We’ve discovered that (quite frequently) the kernel that we deploy doesn’t match the unstripped one that we’re saving for debug symbols. I’ve traced the issue to a combination of an sstate miss for the kernel do_deploy step combined with
an sstate hit for do_package_write_rpm. (side note: we know we have issues with sstate reuse/stamps including things they shouldn’t which is why we hit this so much. We’re working on that too)
The result is that when our debug rootfs is created (where we added the kernel symbols), it’s got the version of the kernel from the sstate cached rpm files, but since do_deploy had an sstate miss, the entire kernel gets rebuilt to satisfy
that dependency chain. Since the kernel doesn’t have reproducible builds working, the resulting pair of kernels don’t match each other for debug purposes.
So, I have two questions to start:
- What is the recommended way to be getting debug symbols for the kernel, since do_deploy doesn’t seem to have a debug counterpart (which is why we originally just set things up to add
the rpm to the generated debug rootfs)
- Does this seem like a bug that should be fixed? If so, what would be the recommended solution (more thoughts below)?
Even if there’s a task somewhere that does what I’m looking for, this seems like a bit of a bug. I generally feel like we want to be able to trust sstate, so the fact that forking dependencies that each generate their own sstate objects
can be out of sync is a bit scary.
I’ve thought of several ways around this, but I can’t say I like any of them.
- (extremely gross hack) Create a new task to use instead of do_deploy that depends on do_packagegroup_write_rpm. Unpack the restored (or built) RPMs and use those blobs to deploy the
kernel and symbols to the image directory.
- (gross hack with painful effects on build time) Disable sstate for do_package_write_rpm and do_deploy. Possibly replace with sstate logic for the kernel’s do_install step (side question
– why doesn’t do_install generate sstate? It seems like it should be able to, since the point is to drop everything into the image directory)

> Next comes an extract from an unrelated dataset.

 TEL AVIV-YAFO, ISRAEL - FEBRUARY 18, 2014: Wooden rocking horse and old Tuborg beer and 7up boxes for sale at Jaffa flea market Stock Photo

- (possibly better, but sounds hard) Change the sstate logic so that if anything downstream of a do_compile task needs to be rerun,
everything downstream of it needs to be rerun and sstate reuse for that recipe is not allowed (basically all or nothing sstate). Maybe with a flag that’s allowed in the bitbake file to indicate that a recipe
does have reproducible builds and that different pieces are allowed to come from sstate in that case.

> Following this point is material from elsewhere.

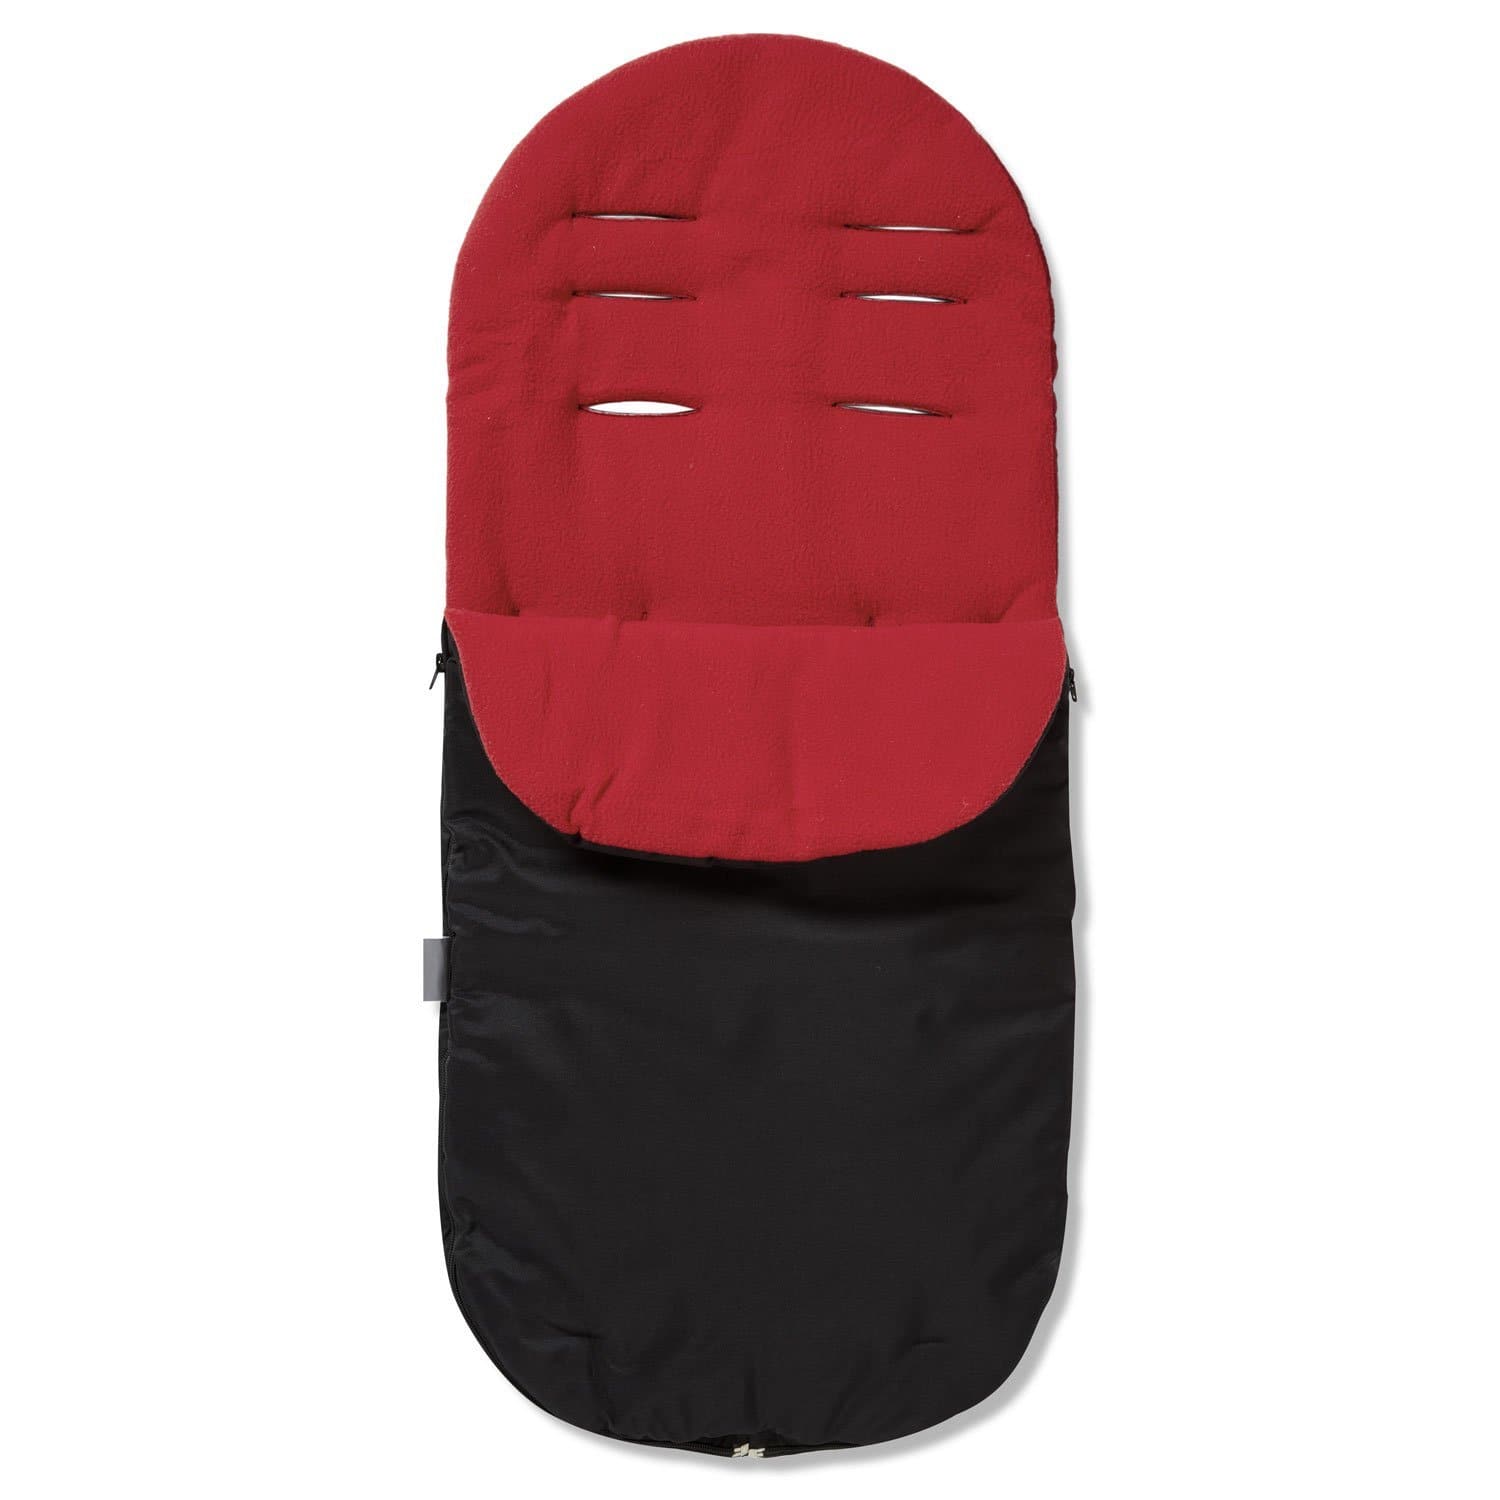 Footmuff / Cosy Toes Compatible with My Babiie - Red / Fits All Models | For Your Little One

- (fix the symptoms but not the problem) Figure out how to get linux-yocto building in a reproducible fashion and pretend the problem doesn’t exist.
If you’re interested, this is quite easy to reproduce – these are my repro steps
- Check out a clean copy of zeus (22.0.2)
- Add kernel-image to core-image-minimal in whatever fashion you choose (I just dumped it in the RDEPENDS for packagegroup-core-boot for testing)
- bitbake core-image-minimal
- bitbake -c clean core-image-minimal linux-yocto (or just wipe your whole build dir, since everything should come from sstate now)
- Delete the sstate object(s) for linux-yocto’s deploy task.
- bitbake core-image-minimal
- Compare the BuildID hashes for the kernel in the two locations using file (you’ll need to use the kernel’s extract-vmlinux script to get it out of the bzImage)
- file tmp/work/qemux86_64-poky-linux/core-image-minimal/1.0-r0/rootfs/boot/vmlinux-5.2.28-yocto-standard
- ./tmp/work-shared/qemux86-64/kernel-source/scripts/extract-vmlinux tmp/deploy/images/qemux86-64/bzImage > vmlinux-deploy && file vmlinux-deploy
Anyone have thoughts or suggestions?